Well, it makes sense. Because these little bastards reproduce at an alarming rate. They are everywhere. Thank goodness I don't have a garden. It would just be an all-bunny-can-eat café. And in the spring and summer, we're constantly scanning the property looking for new nests.
Not because we aren't willing to share our yard with rabbits. But because our German Shepherd happens to think rabbits are tasty.
Basically, this is him all day:
Up until this morning, I've managed to keep the rabbits safe, for the most part. Sure, Rocky fixates on them from his favorite couch spot near the window, but he's only ever snagged one that I know of. That was about a year ago when I caught him with a furry leg sticking out of his mouth on the back deck.
But today I strolled outside with my coffee to find Rocky staring fixedly into the fire pit. I knew there must be a critter in there. But before I could call him off, a tiny baby bunny popped out between the bricks, and Rocky snatched it up instantly. As I hollered for him to drop it, I heard a loud squeak. Then he dropped it into the grass and came back to the house.
S---.
I closed the door and waited for my husband to wake up and take care of it. I'm not really a strict gender roles kind of gal. But when it comes to removing dead wildlife from the yard, that's a man's job, baby.
Now, I just gotta figure out what we're going to do with the tiny rabbit still hiding out in the fire pit.
You know, the crazy thing is, Rocky is uber friendly with other dogs. He gets along with every dog he's ever met — even pocket-sized Chihuahuas. But when it comes to rabbits and squirrels, he's a heartless killer. It's weird how dogs know the difference.
And now after that uplifting tale, who's ready for some Nightcaps? Pour one out for Peter Cottontail and let's get going.
Finally, the Knicks lose a game
Glory, hallelujah.
Look, I know the Knicks are probably going to end up winning the championship.

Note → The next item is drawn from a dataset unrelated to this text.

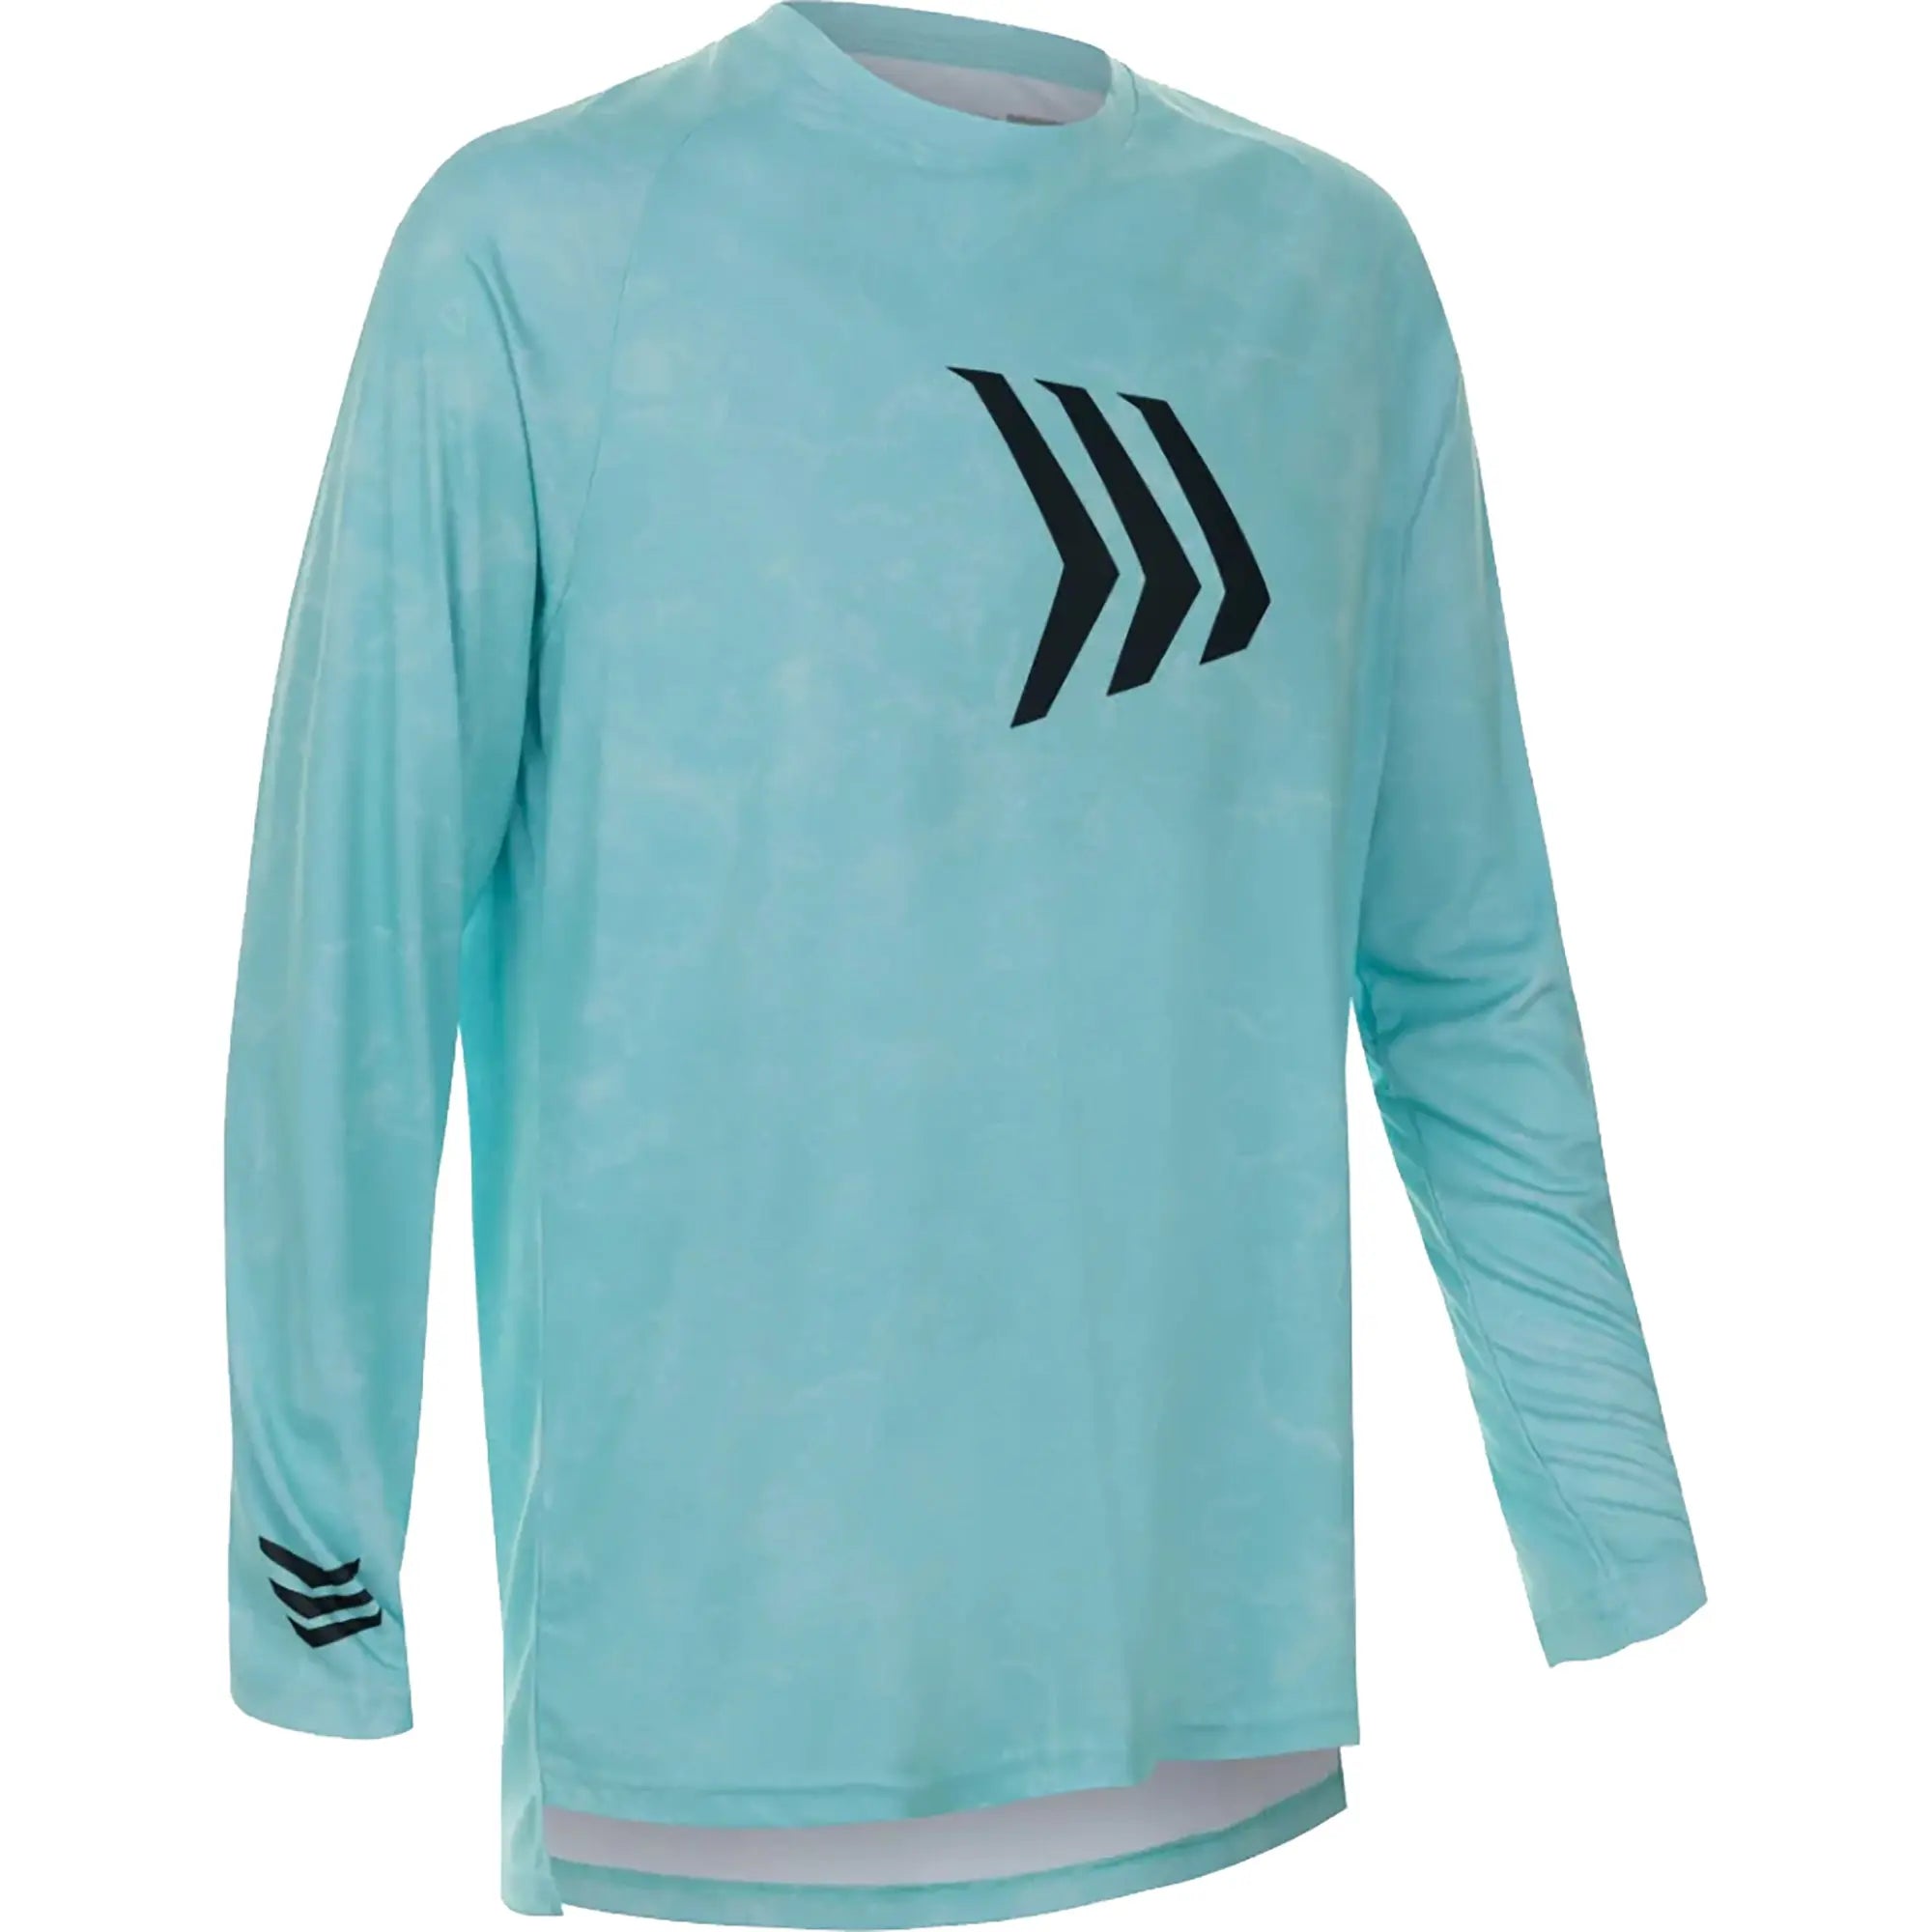 Gillz Contender Series Asslt UV Long Sleeve T-Shirt - Aruba Blue XL

But as a Pacers fan (and, therefore, a certified Knicks hater) I take joy in watching their 13-game win streak snapped and every celebrity on celebrity row spending tens of thousands of dollars to watch them take an L. The fact that they may not get to hoist the trophy at Madison Square Garden adds an extra bit of sweetness.

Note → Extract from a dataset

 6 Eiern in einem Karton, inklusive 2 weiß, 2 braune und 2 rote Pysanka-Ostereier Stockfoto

Talk about some sore losers, though.
Sheesh.
If you are a Knicks fan, though, may I suggest some (possible) championship gear for the special lady in your life?
Apparently this particular ensemble was inspired by something the brand's founder spotted in Kylie Jenner's luggage that she posted on her Instagram story. (Don't ask me, I just work here.) And now, Karl-Anthony Towns' fiancée, Jordyn Woods, has his number embroidered on her blue and orange panties.

Timothee Chalamet and Kylie Jenner attend Game Six of the Eastern Conference Finals of the 2025 NBA Playoffs between the New York Knicks and the Indiana Pacers at Gainbridge Fieldhouse in Indianapolis, Ind., on May 31, 2025. (Gregory Shamus/Getty Images)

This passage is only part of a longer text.